Previous: Dictionary Termination Record, Up: Data File Format



D.12 Data Record

Data records must follow all other records in the data file. There must be at least one data record in every system file.

The format of data records varies depending on whether the data is compressed. Regardless, the data is arranged in a series of 8-byte elements.

When data is not compressed, Every case is composed of case_size of these 8-byte elements, where case_size comes from the file header record (see File Header Record). Each element corresponds to the variable declared in the respective variable record (see Variable Record). Numeric values are given in flt64 format; string values are literal characters string, padded on the right when necessary.

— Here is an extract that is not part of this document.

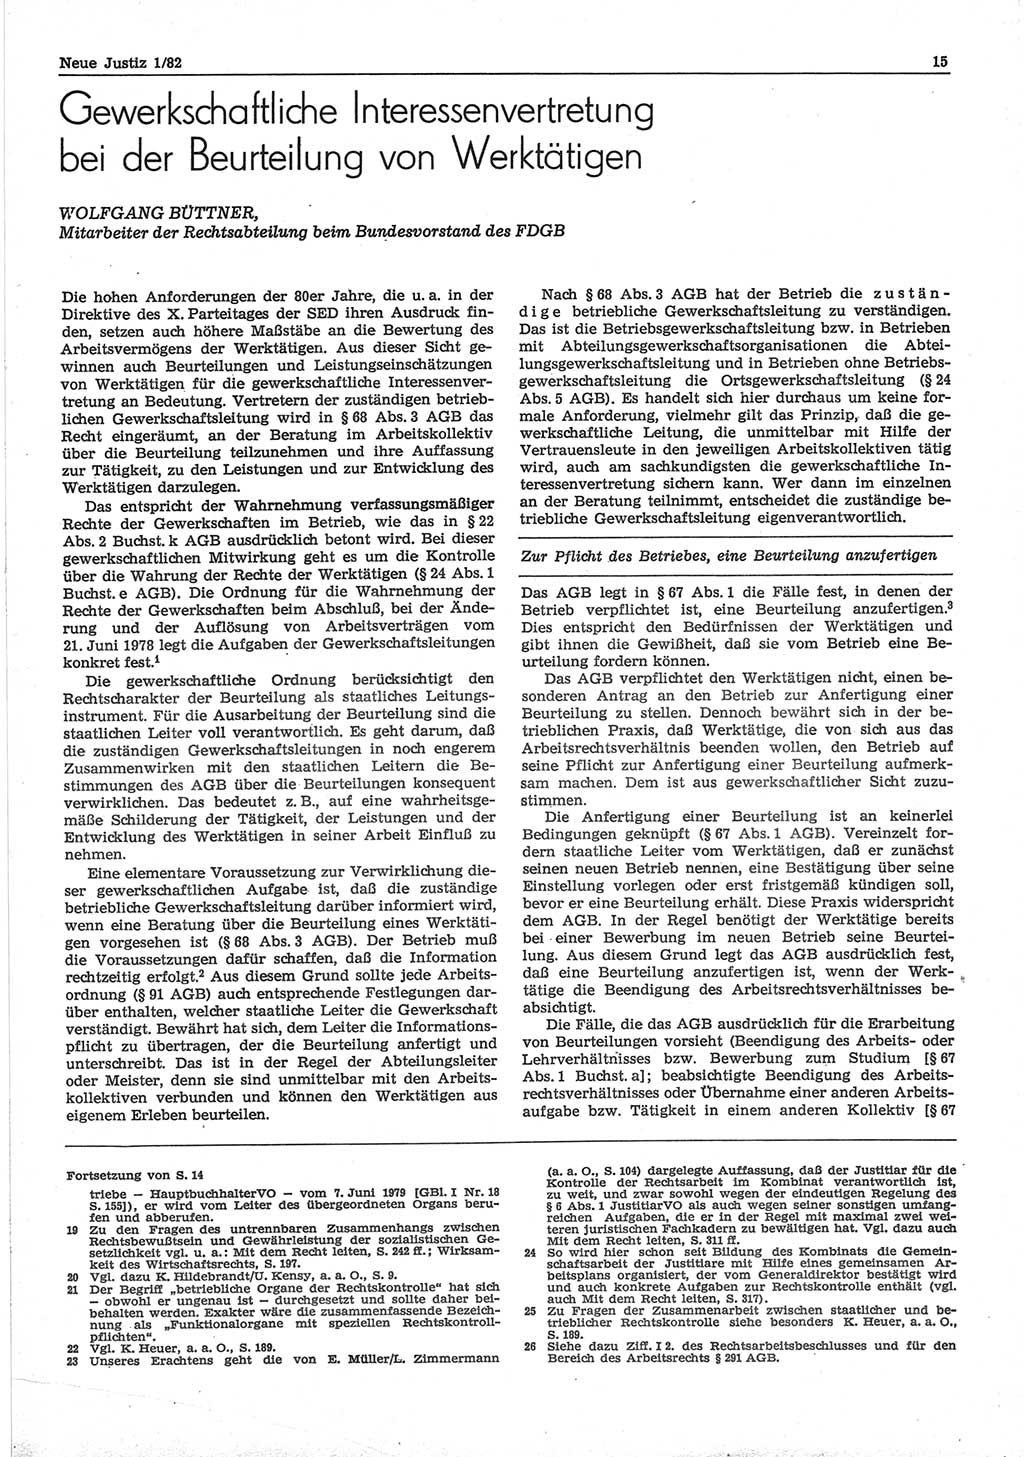 Neue Justiz (NJ), Zeitschrift für sozialistisches Recht und Gesetzlichkeit [Deutsche Demokratische Republik (DDR)], 36. Jahrgang 1982, Seite 15 (NJ DDR 1982, S. 15)

Compressed data is arranged in the following manner: the first 8-byte element in the data section is divided into a series of 1-byte command codes. These codes have meanings as described below:

0
Ignored. If the program writing the system file accumulates compressed data in blocks of fixed length, 0 bytes can be used to pad out extra bytes remaining at the end of a fixed-size block.
1 through 251
These values indicate that the corresponding numeric variable has the value (code - bias) for the case being read, where code is the value of the compression code and bias is the variable compression_bias from the file header. For example, code 105 with bias 100.0 (the normal value) indicates a numeric variable of value 5.
252
End of file. This code may or may not appear at the end of the data stream. PSPP always outputs this code but its use is not required.
253
This value indicates that the numeric or string value is not compressible. The value is stored in the 8-byte element following the current block of command bytes. If this value appears twice in a block of command bytes, then it indicates the second element following the command bytes, and so on.
254
Used to indicate a string value that is all spaces.
255
Used to indicate the system-missing value.

When the end of the first 8-byte element of command bytes is reached, any blocks of non-compressible values are skipped, and the next element of command bytes is read and interpreted, until the end of the file is reached.